Re: [PATCH bpf v2 1/2] bpf: Reject TCP_NODELAY in TCP header option callbacks
From: KaFai Wan
Date: Fri Apr 17 2026 - 05:38:45 EST
On Fri, 2026-04-17 at 10:43 +0800, Jiayuan Chen wrote:
>
> On 4/16/26 7:23 PM, KaFai Wan wrote:
> > A BPF_SOCK_OPS program can enable
> > BPF_SOCK_OPS_WRITE_HDR_OPT_CB_FLAG and then call
> > bpf_setsockopt(TCP_NODELAY) from BPF_SOCK_OPS_HDR_OPT_LEN_CB or
> > BPF_SOCK_OPS_WRITE_HDR_OPT_CB.
> >
> > In these callbacks, bpf_setsockopt(TCP_NODELAY) can reach
> > __tcp_sock_set_nodelay(), which can call tcp_push_pending_frames().
> >
> > From BPF_SOCK_OPS_HDR_OPT_LEN_CB, tcp_push_pending_frames() can call
> > tcp_current_mss(), which calls tcp_established_options() and re-enters
> > bpf_skops_hdr_opt_len().
> >
> > BPF_SOCK_OPS_HDR_OPT_LEN_CB
> > -> bpf_setsockopt(TCP_NODELAY)
> > -> tcp_push_pending_frames()
> > -> tcp_current_mss()
> > -> tcp_established_options()
> > -> bpf_skops_hdr_opt_len()
> > -> BPF_SOCK_OPS_HDR_OPT_LEN_CB
> >
> > From BPF_SOCK_OPS_WRITE_HDR_OPT_CB, tcp_push_pending_frames() can call
> > tcp_write_xmit(), which calls tcp_transmit_skb(). That path recomputes
> > header option length through tcp_established_options() and
> > bpf_skops_hdr_opt_len() before re-entering bpf_skops_write_hdr_opt().
> >
> > BPF_SOCK_OPS_WRITE_HDR_OPT_CB
> > -> bpf_setsockopt(TCP_NODELAY)
> > -> tcp_push_pending_frames()
> > -> tcp_write_xmit()
> > -> tcp_transmit_skb()
> > -> tcp_established_options()
> > -> bpf_skops_hdr_opt_len()
> > -> bpf_skops_write_hdr_opt()
> > -> BPF_SOCK_OPS_WRITE_HDR_OPT_CB
> >
> > This leads to unbounded recursion and can overflow the kernel stack.
> >
> > Reject TCP_NODELAY with -EOPNOTSUPP in bpf_sock_ops_setsockopt()

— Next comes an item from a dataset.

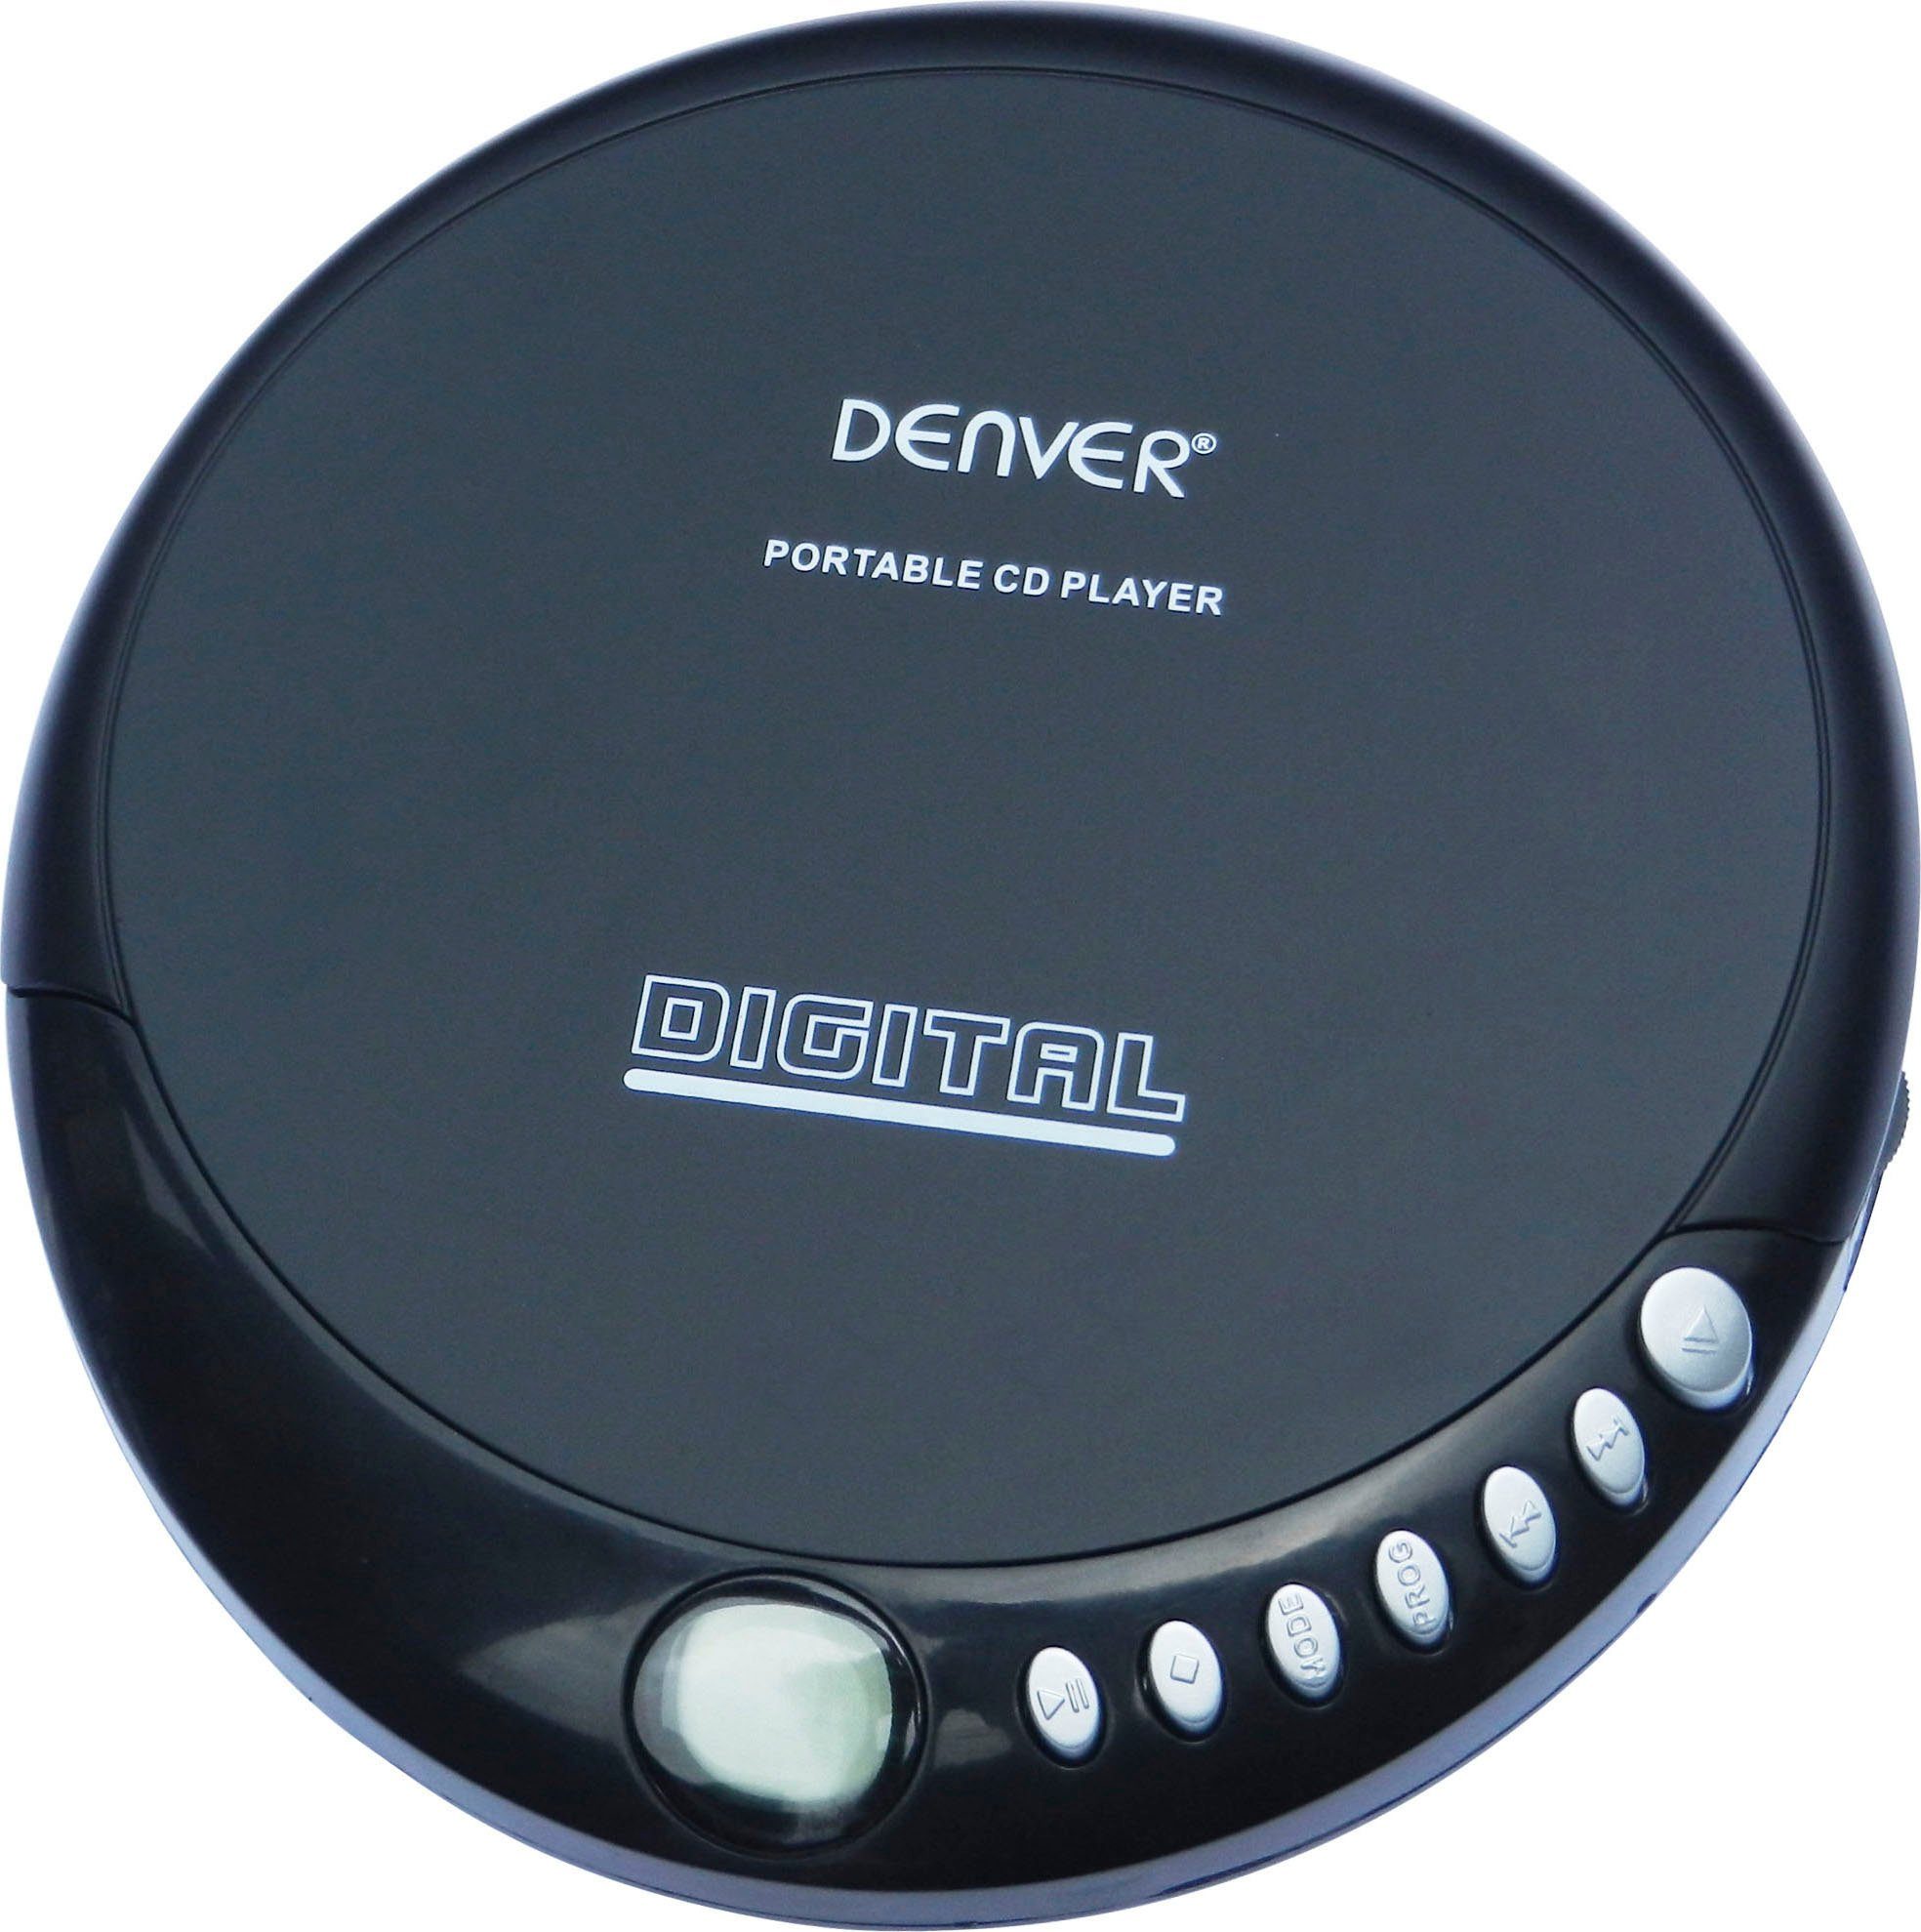 DM-24 CD-Player Denver

> > when bpf_setsockopt() is called from
> > BPF_SOCK_OPS_HDR_OPT_LEN_CB or BPF_SOCK_OPS_WRITE_HDR_OPT_CB.
> >
> > Reported-by: Quan Sun <2022090917019@xxxxxxxxxxxxxxxx>
> > Reported-by: Yinhao Hu <dddddd@xxxxxxxxxxx>
> > Reported-by: Kaiyan Mei <M202472210@xxxxxxxxxxx>
> > Closes: https://lore.kernel.org/bpf/d1d523c9-6901-4454-a183-94462b8f3e4e@xxxxxxxxxxxxxxxx/
> > Fixes: 7e41df5dbba2 ("bpf: Add a few optnames to bpf_setsockopt")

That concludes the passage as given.